The event was marking the launch of a remarkable new web database of the same name, which has brought together for the first time more than 58,000 songs, tunes, dances, correspondence and diaries collected by the likes of Sharp himself, Ralph Vaughan Williams and Lucy Broadwood in the years before the First World War.
“Early collectors went foraging when they thought folk music was dying out,” Hield explains.
The English Folk Dance And Song Society (EFDSS), who compiled the archive, wanted some music at the launch and approached Hield who, as well as being a leading folk performer, is a lecturer in ethnomusicology at Sheffield University.
The biggest “shot in the dark” was contacting former Mercury Prize nominee Lakeman, with whom she had not worked before.
“Seth was my most unrealistic idea,” she admits.
“I thought it would be most interesting to see what he would make of this material.
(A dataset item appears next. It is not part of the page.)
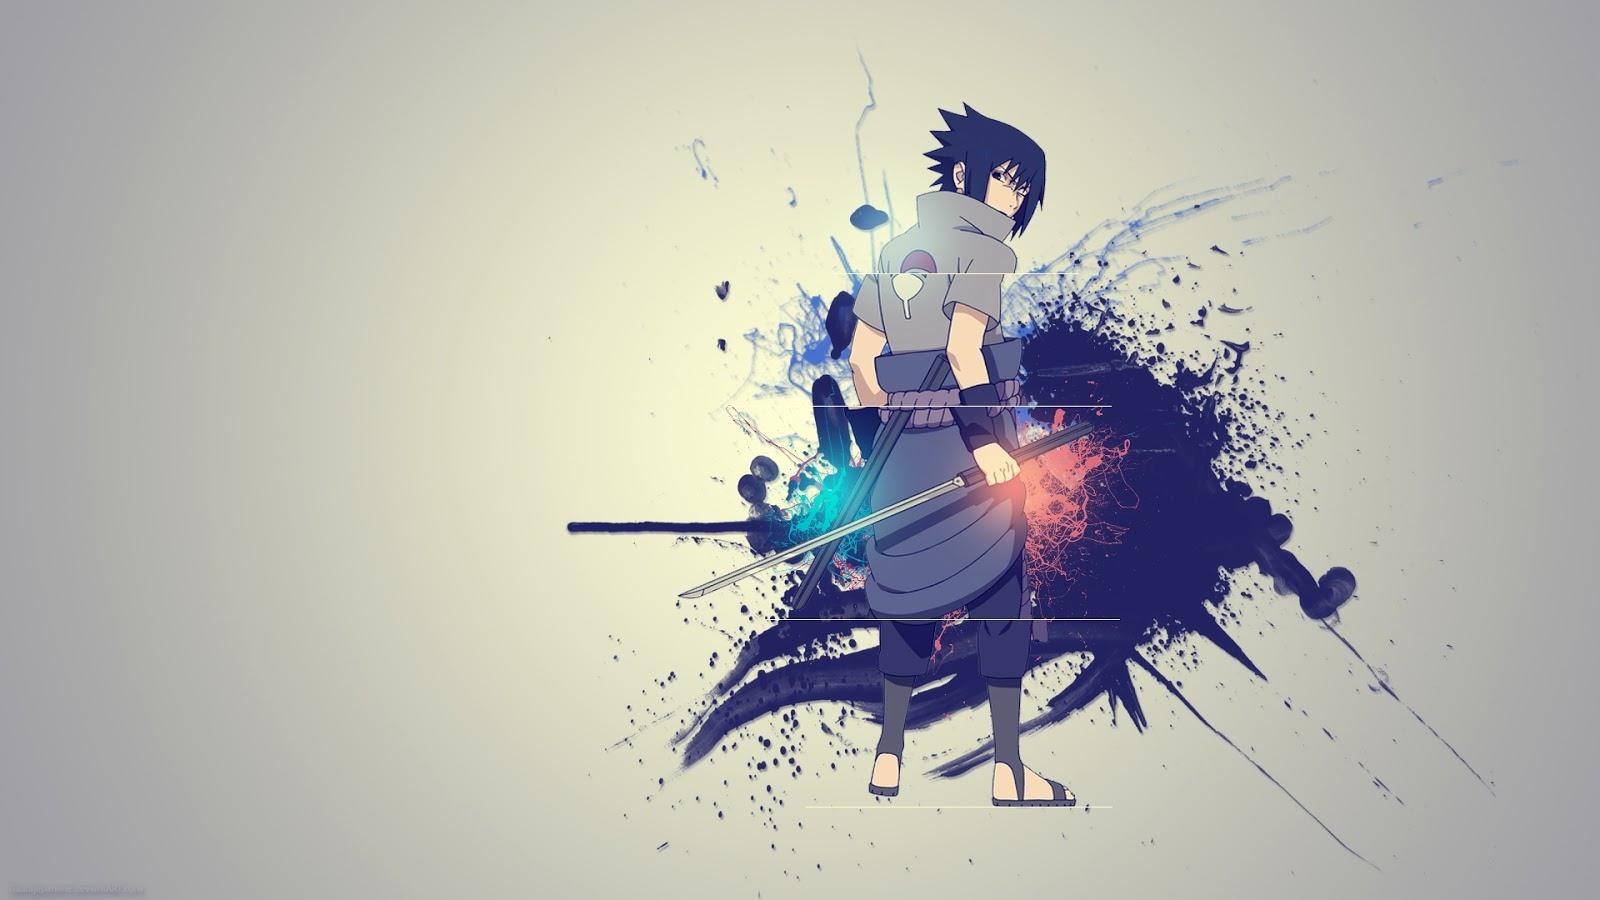 Sasuke Uchiha Anime Download 1920x1080

“I called to see if he would be interested and found that he was eager to get back to the roots of his music.
The first one-off show was swiftly followed by an album, and now they are setting out on tour. This tour is already close to being a sell-out.
There have been approaches about festival appearances next summer, and even tours to America and Portugal, but Hield admits that would be a logistical challenge.
“Having so many high-profile people, there’s a problem with availability,” explains Hield.
She admits she was a little “scared” before the first rehearsals, but adds: “It does feel like a band and I’m sure we will have a great time on the road.”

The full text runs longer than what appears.